Take Italy. According to a recent study by Confindustria, which represents manufacturing and service companies in the country, there are currently around 45,000 vacant posts in the digital sector. Across Europe, there could be as many as 756,000 unfilled jobs in the ICT sector by next year, according to research by the European Commission.

Pirelli has long had a team of data scientists, but its latest recruitment push has been for “data engineers” to help carry out a digital transformation process in its factories around the world.

“For me, the engineers of the future are the ones who understand engineering logic, but are also able to dig into the information systems, collect the data and make their own analysis,” says Francesco Sala, Pirelli's executive vice president of technical operations.

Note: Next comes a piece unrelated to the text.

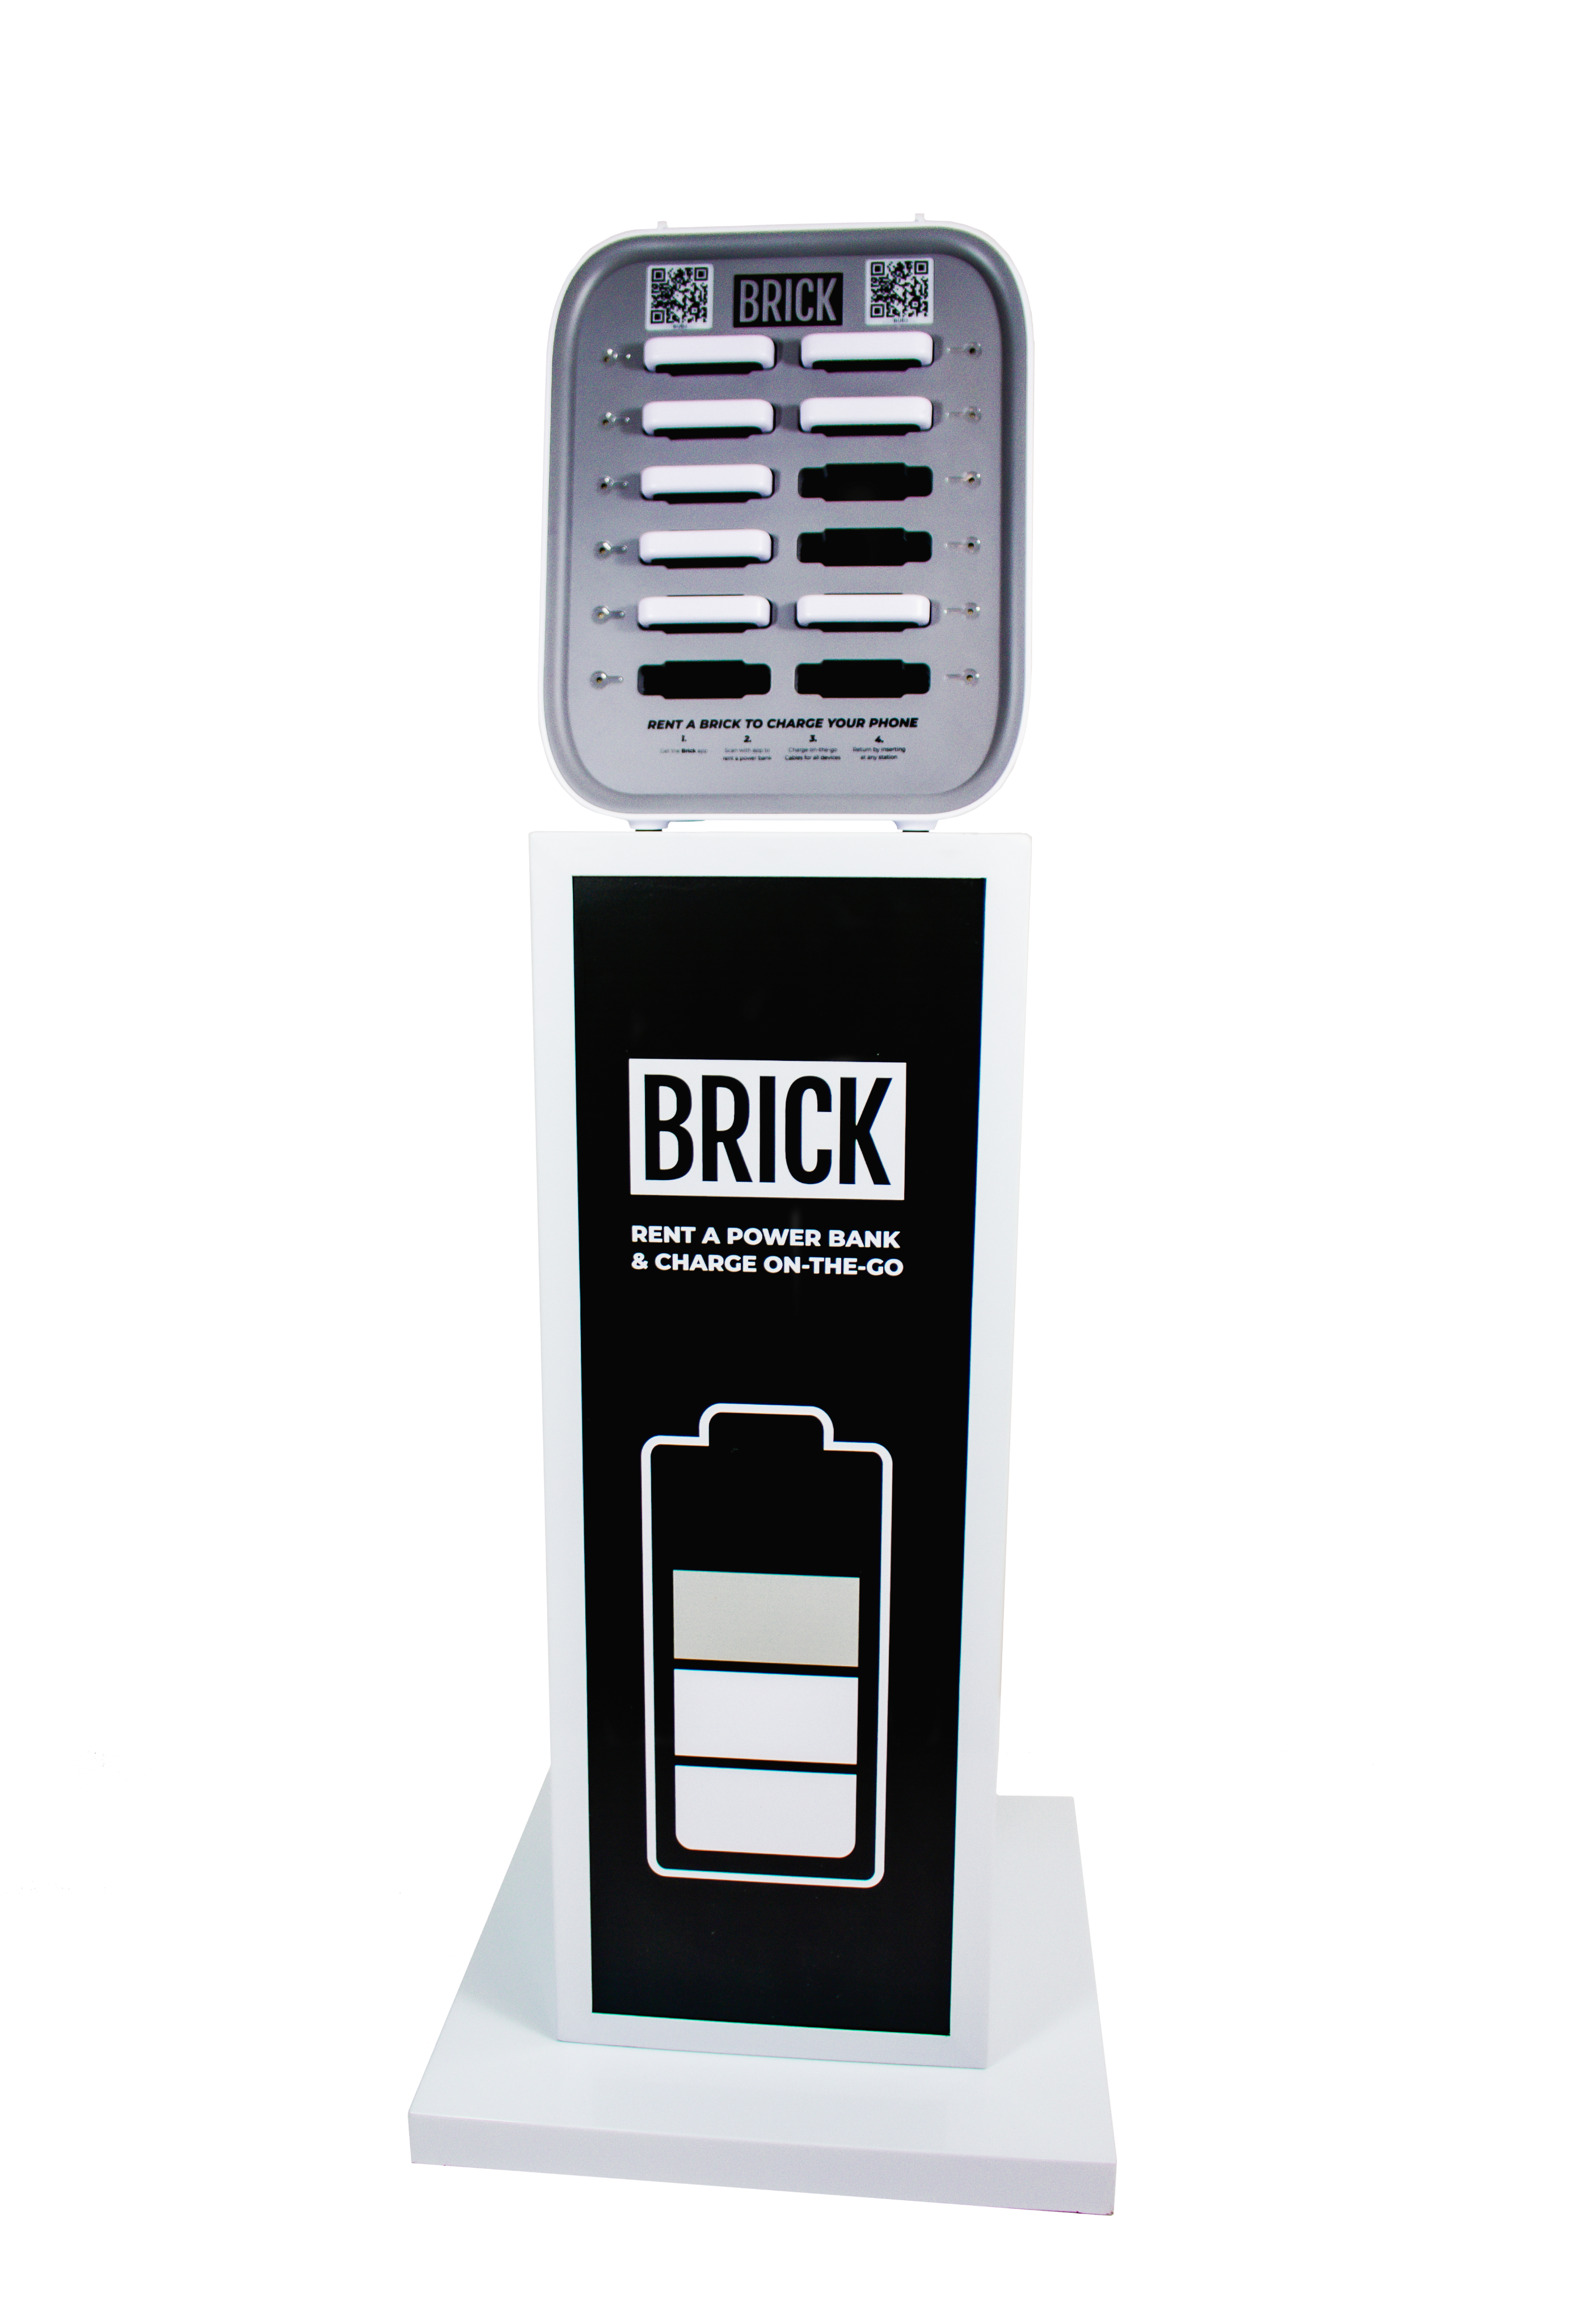 Stanica na prenájom dvanástich slotov Brick na stánku

“It's a completely new way of doing things compared with the past, when headquarters would gather data from the factories, prepare a report and send it out to show what is working well and what needs improving,” he adds. “This way a data engineer can be in our factory in Campinas, Brazil, see that a machine isn't performing as it should, collect data from similar machines in Germany and China via the Cloud, run an analysis in real time and, in a few days, know what the solution to the problem is.”

Dramatic change

It's a move from reactive to predictive thinking, made possible by the new streams of data from connected machines. And as the capacity to process information accelerates every day, further possibilities for human employment are emerging with exciting speed. Artificial intelligence will be at the heart of these fresh roles, fast-tracking analysis of all the available data and making rapid decisions based on that input. AI is already being incorporated into new products – we are now fairly used to talking to our Alexas, Siris and Google Assistants – but working with AI is likely to become increasingly commonplace. 

The scale of the change ahead cannot be underestimated. In his book, Humans Need Not Apply, Jerry Kaplan of Stanford University compares the work of his fellow artificial-intelligence experts to the scientists who worked on the Manhattan Project during the Second World War. “Like the staff of that super-secret project to build the atom bomb,” he writes, “only a few are cognizant of the breathtaking potential of their work to transform lives and livelihoods, right down to who we are and our proper place in the universe.”

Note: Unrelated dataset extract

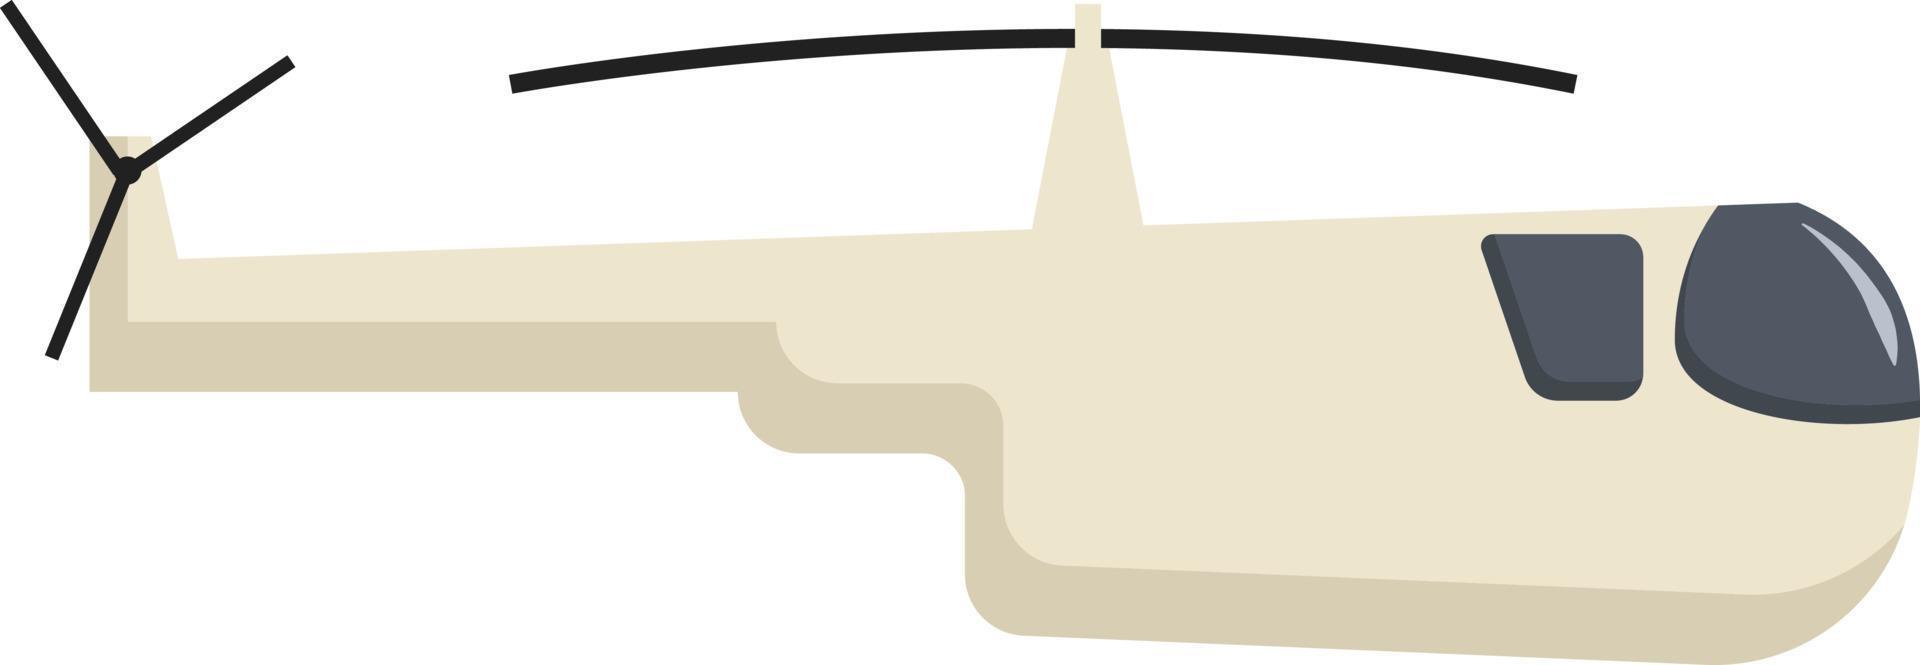 hélicoptère, illustration, vecteur sur fond blanc.

These changes will have a dramatic effect on almost every professional role, boosting human ability with everything from pattern recognition to language translation. Maybe one day, you'll find yourself applying to become an “augmented-reality architect”. According to Digital Trends, this role will involve finding ways to have “virtual elements integrated within real environments”, ultimately introducing full augmented reality into the homes of the future. Traditional roles may disappear, but an array of new positions will be created that blend the unique skills of humans and machines.